A strong showing by anti-immigrant and anti-EU parties in the recent elections for the European Parliament has astonished many. While French Socialist Prime Minister, Manuel Valls called it “an earthquake,” German Chancellor Angela Merkel called the vote surge by populists and rightists “remarkable, and also regrettable.” This result could translate into further visa restrictions for the EU and non-EU students, workers and families.
In the election held on May 22-25 in 28 member states of the EU, anti-immigration and anti-EU parties won 140 of the 751 seats at the European Parliament. Most notable was its ubiquitous surge in important member states.
In the United Kingdom, the right-wing UK Independence Party (UKIP), led by Nigel Farage, won 24 of the UK’s 73 seats, bettering both the Conservatives (19 seats) and Labour (20 seats). In France, the anti-immigrant far right party, Front National, has emerged as the largest party with 24 seats.
Likewise in Denmark, anti-immigrant Danish People’s Party (DF) secured 26.7% of the votes. Anti-Europe and anti-immigrant parties also made gains in Hungary, Germany, Austria and the Netherlands. In Sweden, the far-right Sweden democrats won 7 percent support compared to 3.3 percent in 2009. However, especially troubling were the gains made by Greece based Golden Dawn, a neo-Nazi party, which secured 10% of the vote.
This anger against immigration policies was on show during the previous European Parliament election as well. In 2009 far-right groups and fringe parties gained large support in Netherlands, Austria, Hungary, Denmark, Slovakia and Finland.

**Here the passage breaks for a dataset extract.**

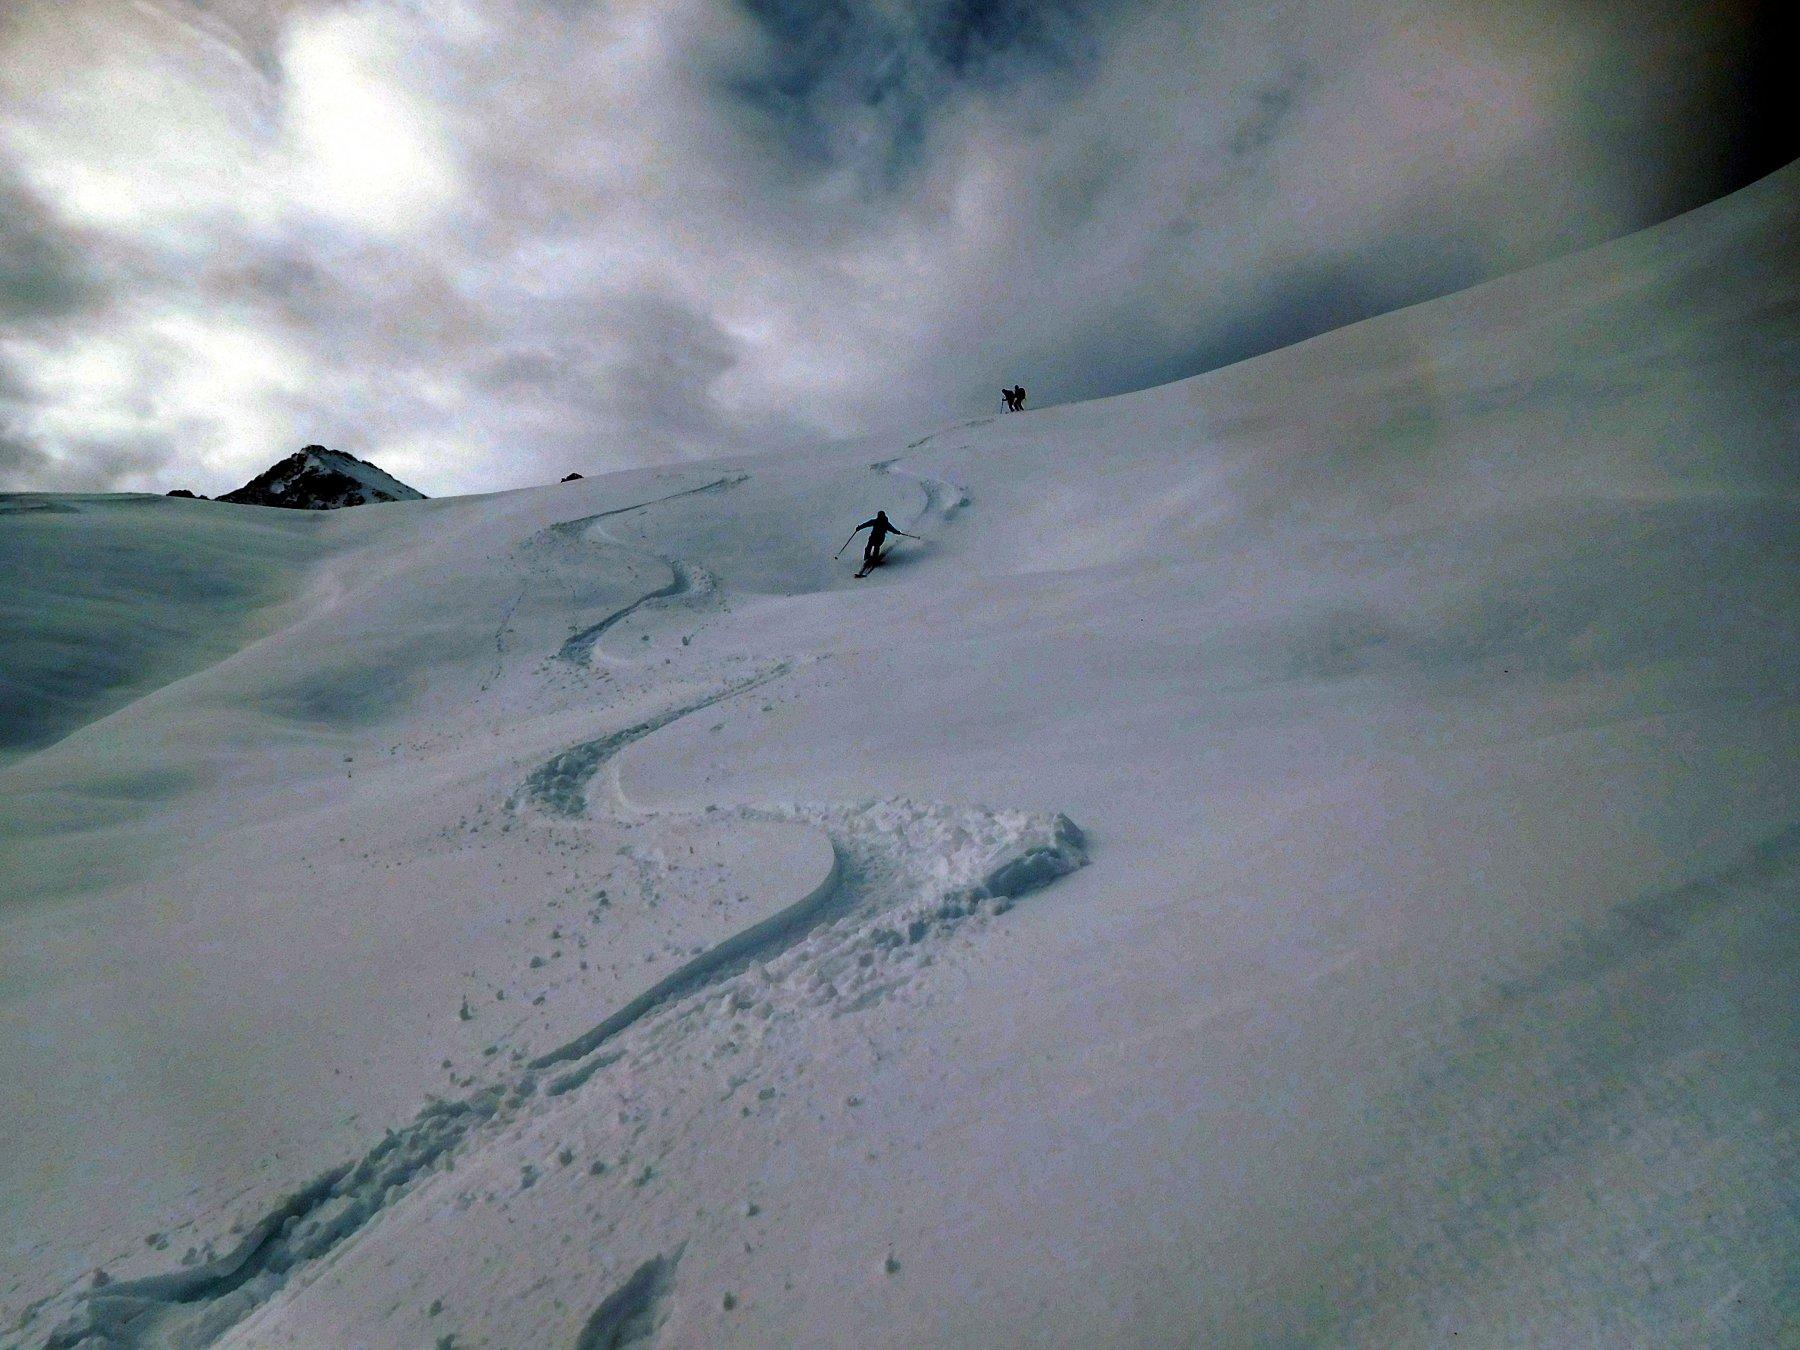 seconda discesa...neve più pesante

On February 9 this year, when Switzerland, a non-European Union (EU) member, voted in referendum to impose quotas on immigrants, far-right anti-immigrant parties in Europe were encouraged. In Netherlands’ Geert Wilders, head of the anti-immigrant Dutch Freedom Party had tweeted, “What the Swiss can do, we can do too: Cut immigration and leave the EU.”

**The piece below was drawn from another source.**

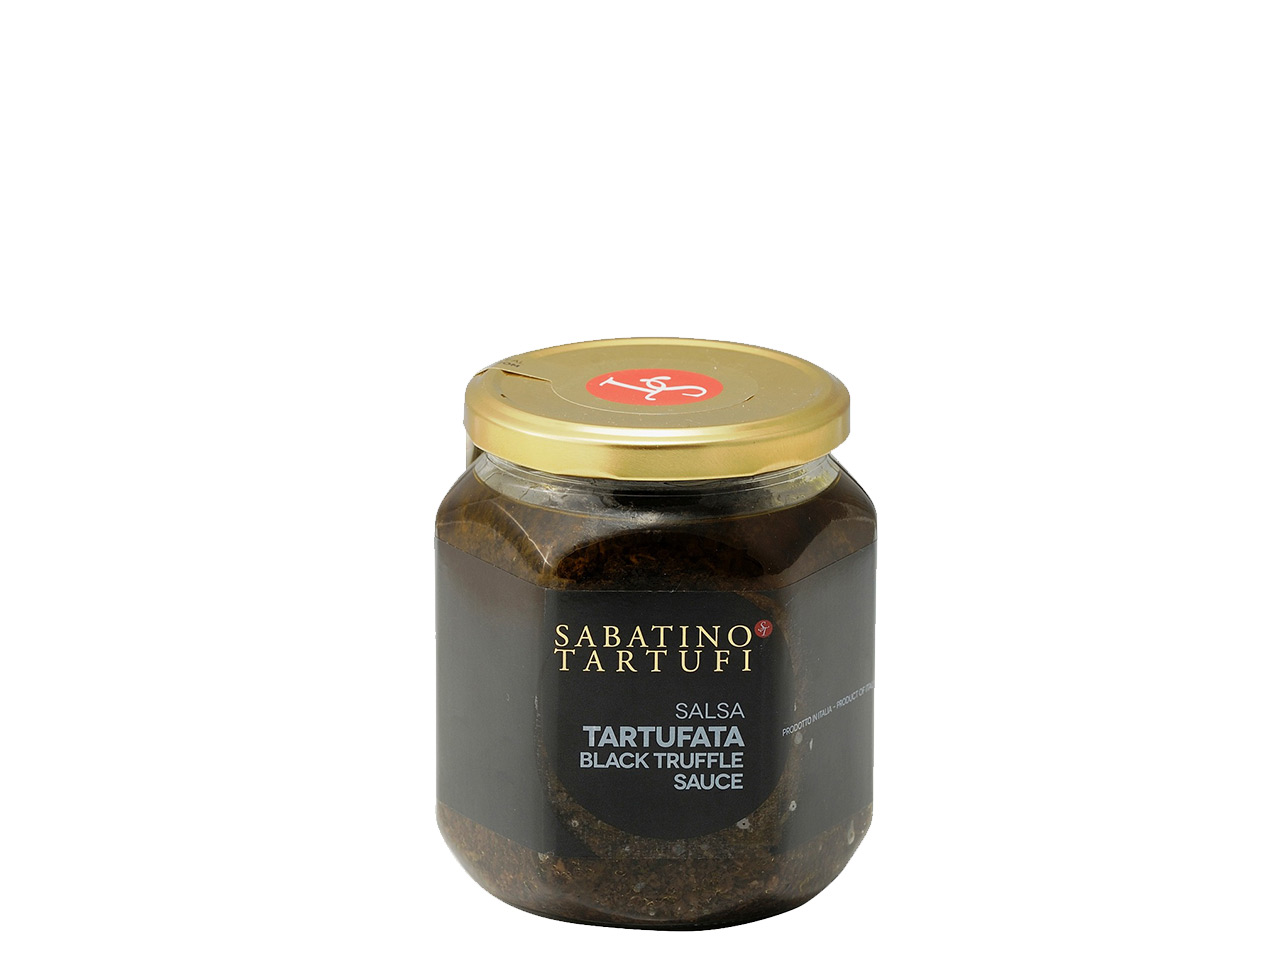 Sabatino Black Truffle Sauce 500gm

Immigration reform has been at the center of political debate in Europe. In the UK, according the Office for National Statistics, there was a rise of more than 30% in net migration to Britain in the year to September 2013. Most migrants’ into UK came from recession-hit EU countries. Net migration to Britain from the EU has doubled in the past year and is at the highest level since 1964.
Given the stricter visa regimes, the number of non-EU migrants has declined in the same time period. The number of students coming in for higher education was down by 34%. South Asian student too have increasingly found it difficult to get a visa to the UK: the number of overseas students from India has fallen by 21%, and from Pakistan by 55%.

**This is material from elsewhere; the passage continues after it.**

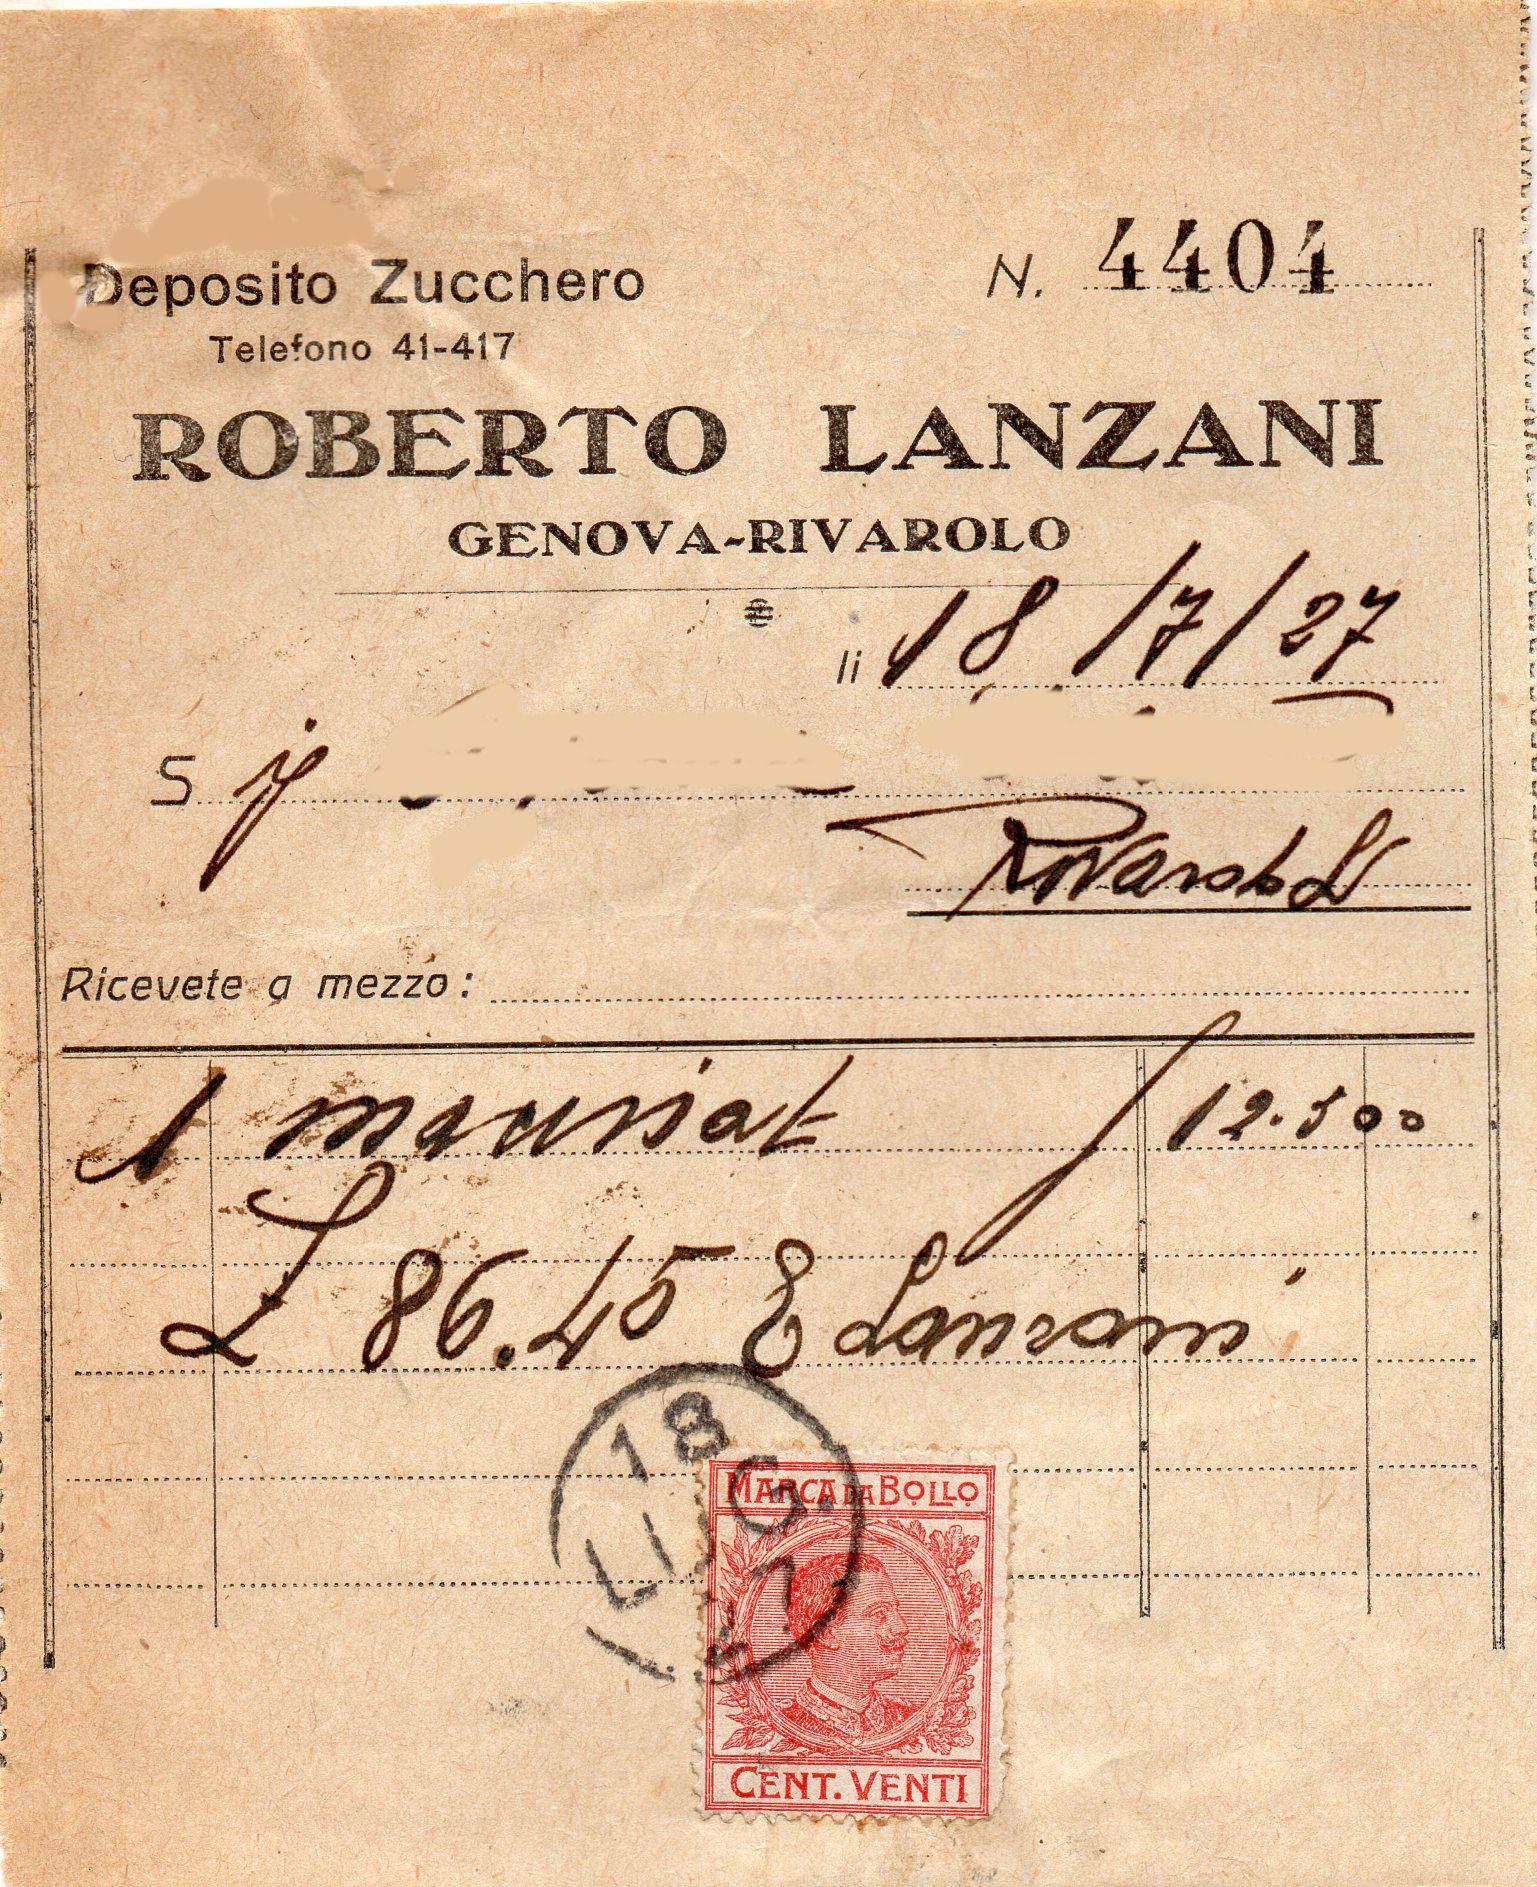 Roberto Lanzani deposito zucchero Genova Rivarolo

However, not all political analysts are too alarmed. Dough Sauders of The Globe and the Mail writes, ‘these parties (anti-immigrant and anti-EU) will play not part in the governing of Europe, as no mainstream parties will work with them.’
Indeed, even with 140 seats anti-immigrant parties do not have the numbers to control the European government; the conservative caucus, EPP, still remains the largest group with 214 seats, followed by the moderate centre-left with 188 seats; liberals with 64; and Greens with 52.
Similarly, Cas Mudde, author of Populist Radical Right Parties in Europe, argues “that thesis of a new radical right has been used at least three times since the early 1980s and, whether we like it or not, the new new radical right is actually quite old.”
Regardless, the continuing trend of vote surge of anti-immigrant parties throughout Europe is deeply troubling. The vote against immigration is a vote against the status quo. It questions Europe’s attempts to balance diversity, social welfare, investment, and identity.